The EQUUS Foundation is pleased to announce the 2021 recipient of the Samantha “Sam” Calzone Memorial Award is Centenary University. Established in tribute to the life of Samantha Calzone and her everlasting passion for horses, the award recognizes an institution of higher learning offering equine studies and/or equine athletics programs that ensures that the quality of life of its equine partners is paramount. Preference is given to institutions of higher learning that offer both equine studies and collegiate athletic activities.
The recipient will receive a $2,500 grant from the EQUUS Foundation to be used to specifically underwrite horse care costs such as veterinary, dental, and farrier care, horse feed, supplements, bedding, horse gear, equipment, and supplies as well as alternative treatments and interventions or to assist in re-homing horses when they are no longer able to participate in the institution’s equine studies and/or intercollegiate athletic activities.
Centenary University’s Equine Studies Department is, for many students, the first stop on the way to a lifetime of success and achievement in the equine industry.

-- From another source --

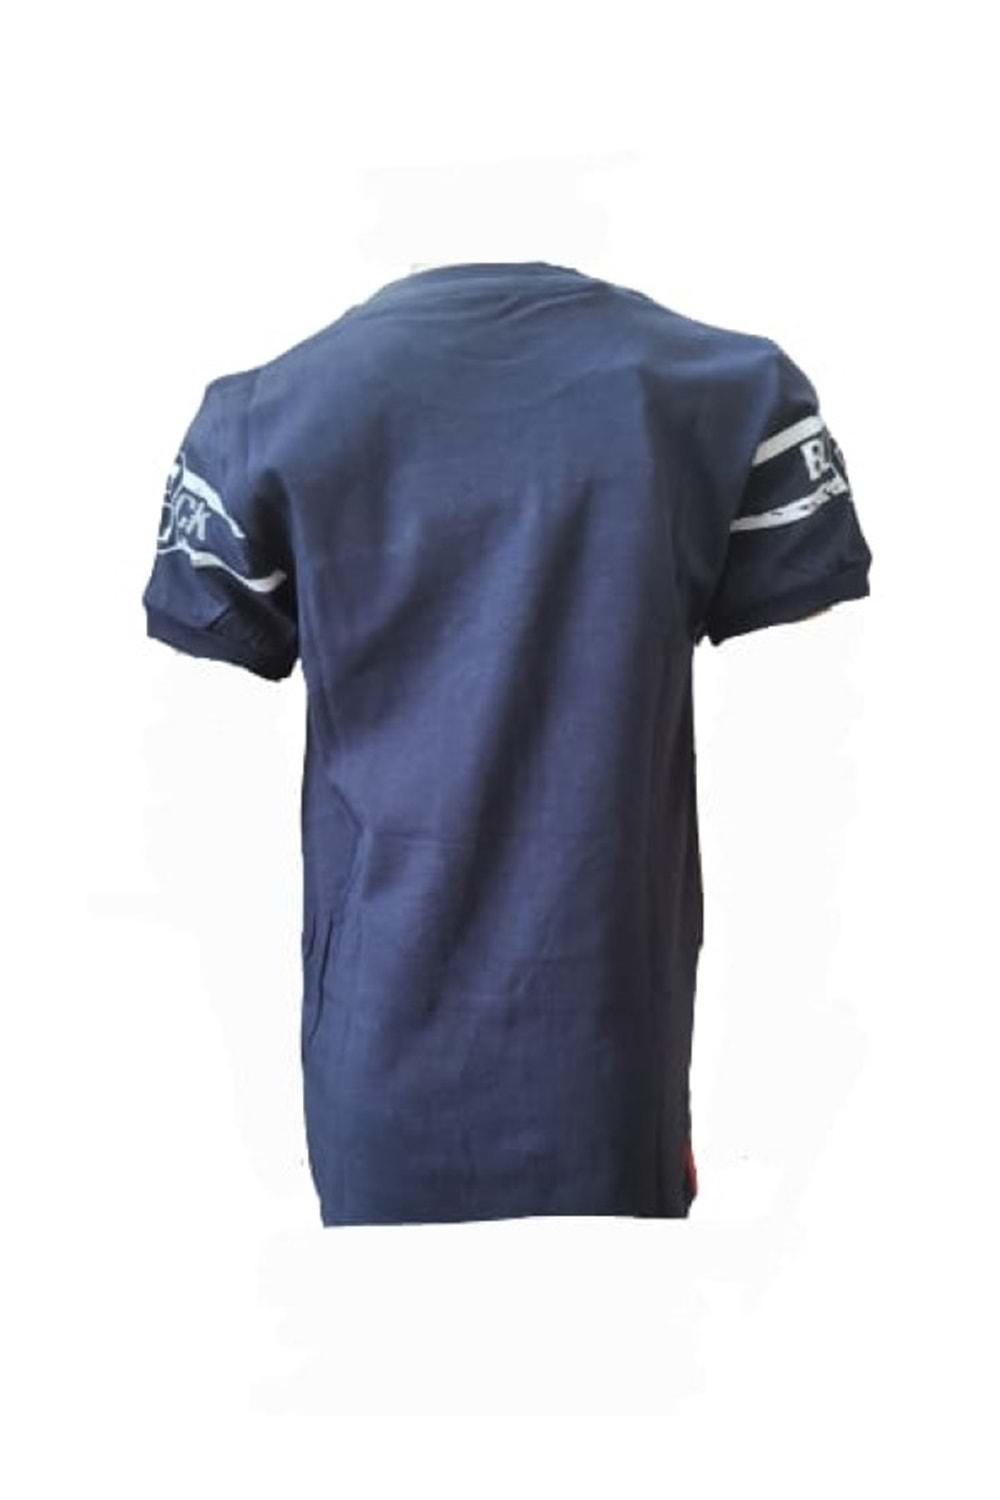 Petitox Çocuk Erkek Baskılı T-shirt 3003 - Lacivert - 4 YAŞ

The University offers a diverse selection of programs, including a bachelor’s degree in Equine Studies, Equine Science, Equine Training and Instruction, Animal Health Pre-Vet Track, Equestrian Media and Public Relations, and Equine Business Management; an associate’s degree in Equine Studies, a Therapeutic Riding program and equine athletic programs are also offered.
Centenary strives to balance quality time in the classroom with ample opportunities for students to apply lessons in a practical setting. The faculty and staff at Centenary recognize that the program’s horses play a central role in student development.
The University’s robust herd of about 90 donated horses allows instructors to match students with appropriate horses and rotate mounts often so that they can work on targeted skills. In addition, Centenary’s faculty members bring the unique perspective that comes from being practicing professionals within their respective fields. The herd receives the highest standard of care, with a licensed veterinarian serving as a faculty member, and a veterinary technician, facility manager and assistant facility manager on staff full time.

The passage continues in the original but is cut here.